Summary
As non-response rates continue to increase every year, there is growing concern about the representativeness of surveys. Andrew Mercer, Senior Research Methodologist at the Pew Research Center, studied the topic and shared his learnings and identified best practices to increase representativeness:
- No sampling method or data collection process guarantees representativeness.
- It’s more helpful to think in terms of models. A model is just the assumptions you’re making about how your sample relates to the larger population. This can be complex statistical procedures, but also may involve weighting or quotas.
- Doing nothing also relies on a model, but it’s a model that assumes there are no differences between the sample and the population.
- The key question is whether or not modeling assumptions are justified.

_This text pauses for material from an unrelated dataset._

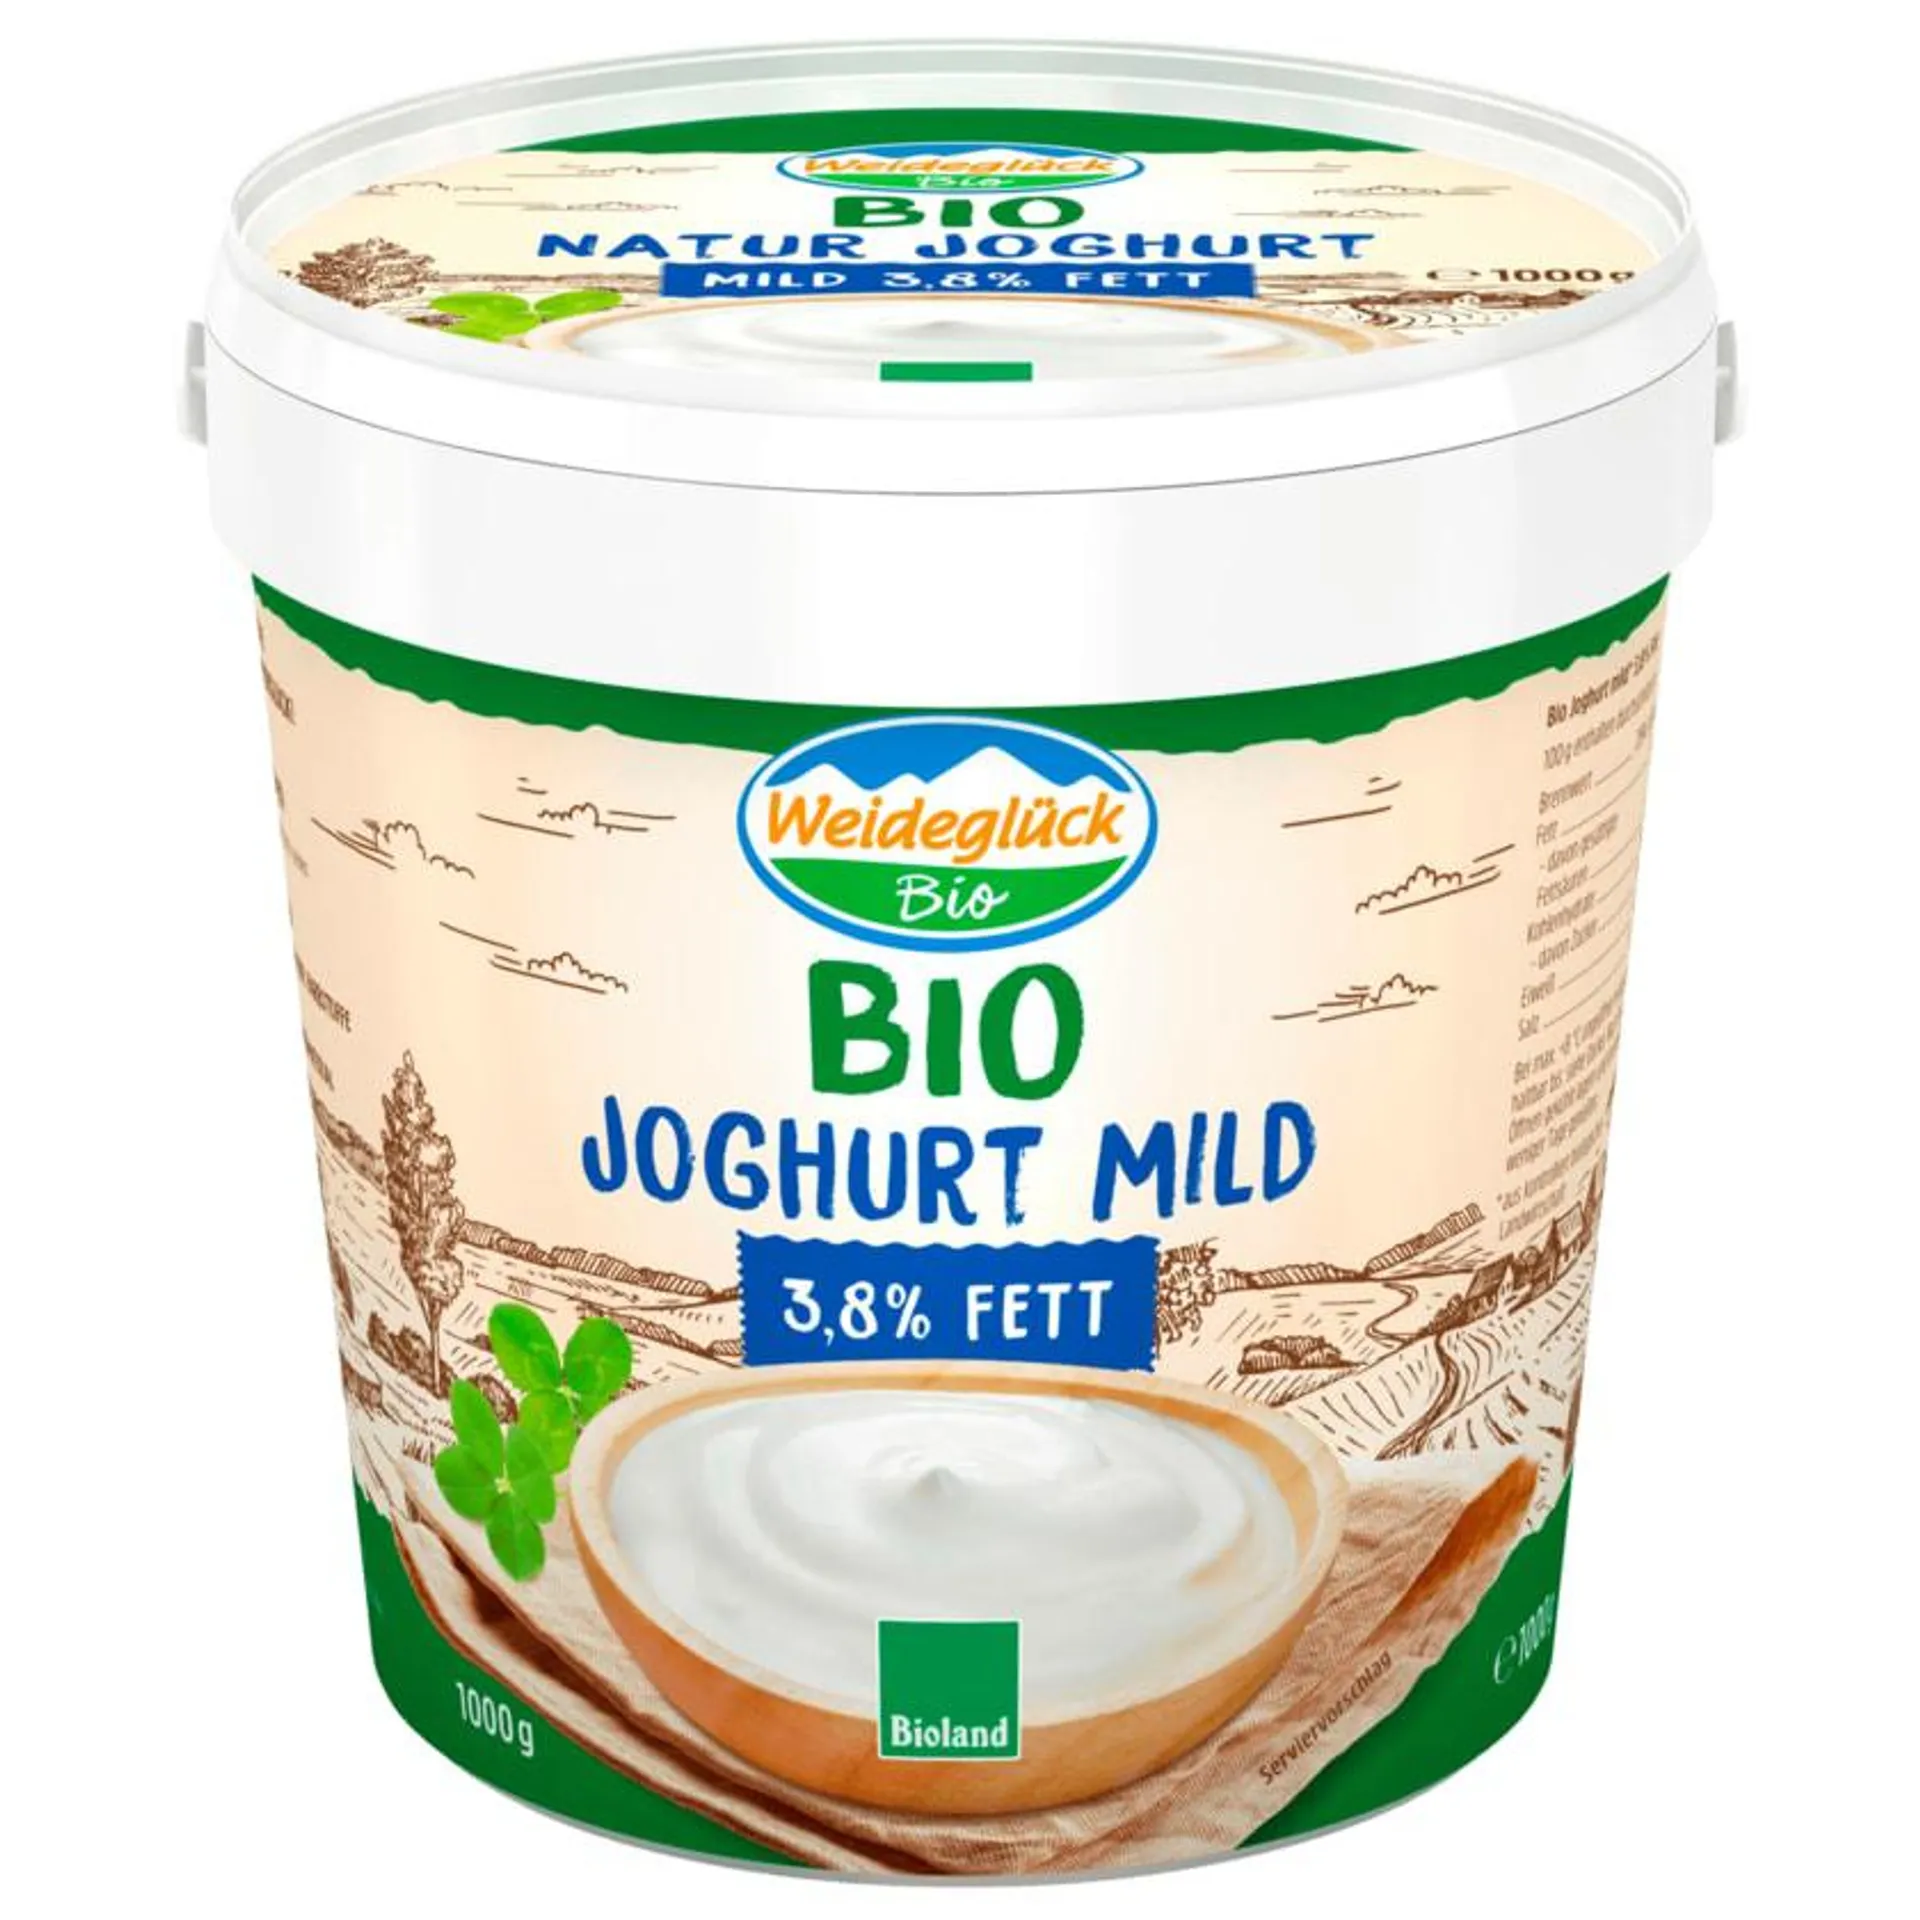 Weideglück Bio Joghurt Mild 3,8% 1000g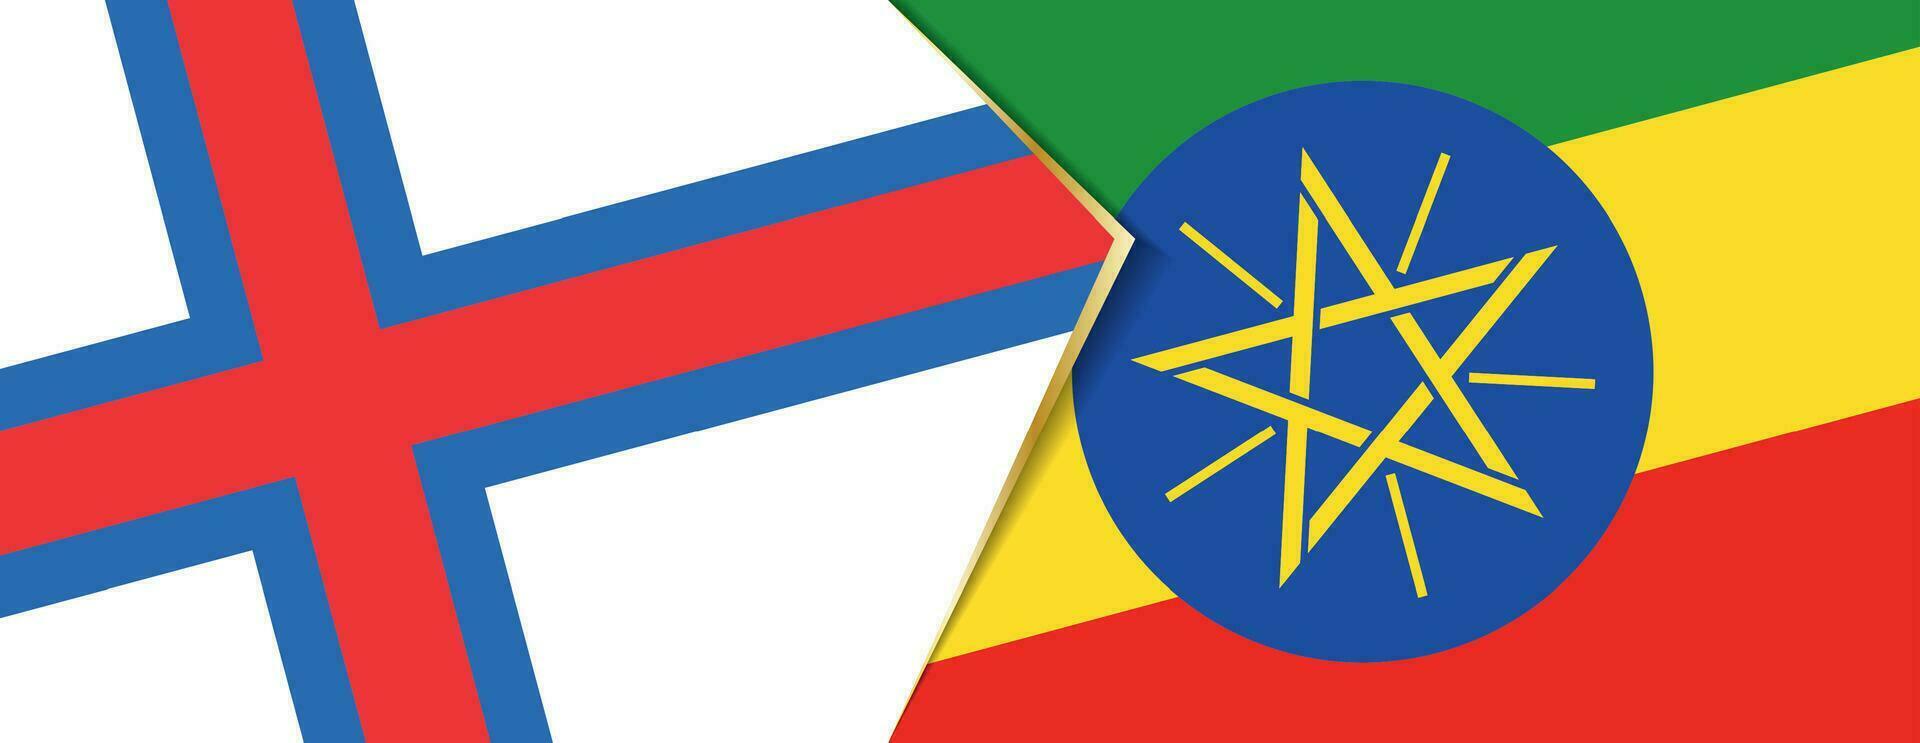 Färöer Inseln und Äthiopien Flaggen, zwei Vektor Flaggen.

- Assumptions should be based on the identified and measured variables needed to predict: either the probability that someone in the population would take the survey or the outcome variable that you are trying to study; how those variables are distributed in the population; and not missing unique segments of the population. These apply to random sampling, weighting, quotas, sample matching, Bayesian hierarchical models, and every other way to generalize from sample to population.
Key takeaways:
- Think through your modeling assumptions before collecting data, particularly identifying confounding variables.
- Complex statistical procedures will only fix your problems if you have the necessary variables and knowledge of the population and research subject.
- Methods that are broadly applicable are valuable, but no methods are universal.
- Polling errors are inevitable. Use them to improve future research.